В человеческом объятии отражается отношение милосердного Бога к грешному человеку: это спасительное объятие. Иоанн Златоуст поясняет:
Андрей, после того как остался с Иисусом и усвоил все то, чему научил его Иисус, не закрывает в себе это сокровище, а торопится к своему брату, чтобы поделиться тем богатством, которое он получил. Слова Андрея – это слова человека, с томлением ожидавшего прихода Мессии, ожидавшего его сошествия с небес, преисполнившегося радости, увидев его, и поспешившего сообщить другим великую новость. Передав незамедлительно брату то, что он узнал, он тем самым показывает, насколько он любит его, насколько он привязан к своим близким, насколько искренне он старается подать им руку в духовном пути[80].
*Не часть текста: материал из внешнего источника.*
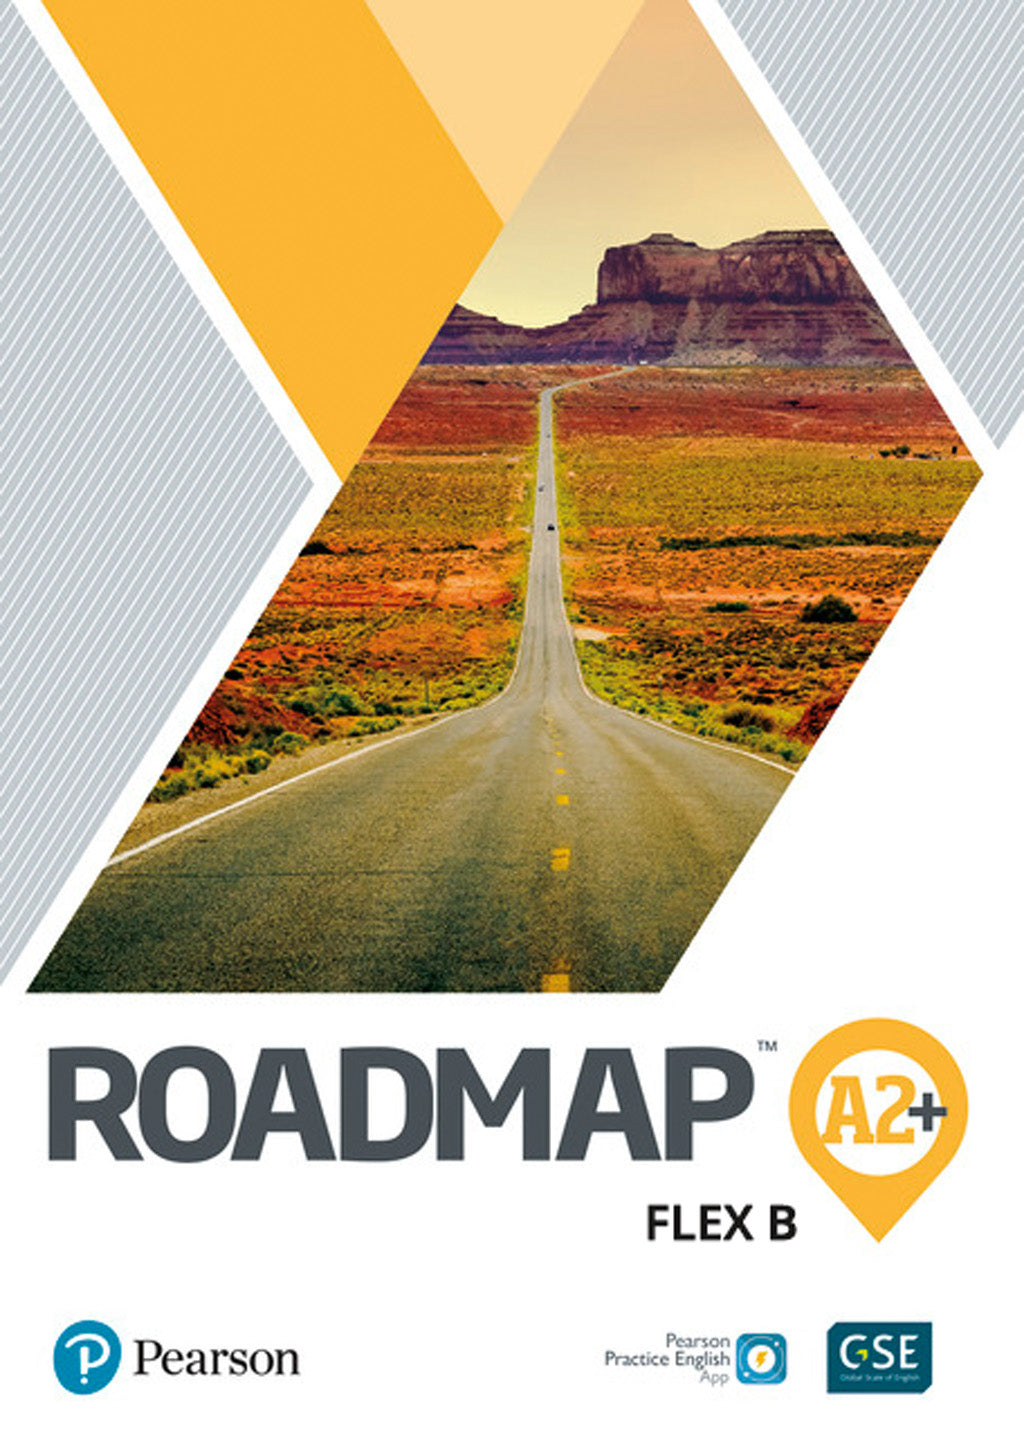 RoadMap A2+ Flex B eBook with Online Practice

Впрочем, встреча двух братьев – это только способ двух встреч с Иисусом, Андрея и Иоанна («другого ученика») и самого Симона. Таким образом, речь идет не о простом братском обмене чувствами, а о признании последующей и высшей причины единства: мессианское исповедание превосходит всякое заявление человеческого успеха или удовлетворенности. Подобное признание происходит как раз в рамках встречи, без каких-либо идеологических или религиозных надстроек: это настолько простая и радушная человеческая встреча, что апостольские воспоминания, хотя и отмечают точное время события, не приводят слова, увещевания и тем более чудесные знамения, которые могли бы некоторым образом объяснить уверенность Андрея, с которой он сообщает об этом брату. Пойдите и увидите (Ин 1:39) – это формула христианского метода, которая порождает уверенность веры, превосходящую любую попытку толкования.
Комментируя этот эпизод, Луиджи Джуссани пишет:
Как Андрей мог сказать брату: «Мы нашли Мессию»? Должно быть, Иисус, говоря им, произнес это слово, которое, впрочем, было в их словаре; иначе было бы невозможно сказать и так неожиданно утверждать, что это был Мессия. После того как они часами слушали этого человека и смотрели на него, когда он говорил, очевидно ли, кто это, говорящий такое? Кто другой когда-либо так говорил? Постепенно в их душе сложилось ясное впечатление: если я не поверю этому человеку, я не поверю больше никому, даже своим глазам[81].
Этот человек, вероятно, среди прочего утверждал, что он Мессия, тот, кто должен был прийти. Но это было настолько очевидно при всей исключительности утверждения, что они сохранили это в себе, словно это было нечто простое для понимания. И Андрей привел Симона к Иисусу. «Иисус же, взглянув на него, сказал: “ты – Симон, сын Ионин; ты наречешься Кифа” (что значит “камень”, греч.: Петр» (Ин 1:42). Евреи имели обыкновение менять имя человека либо для того, чтобы указать на его характер, либо по причине какого-то случившегося с ним события.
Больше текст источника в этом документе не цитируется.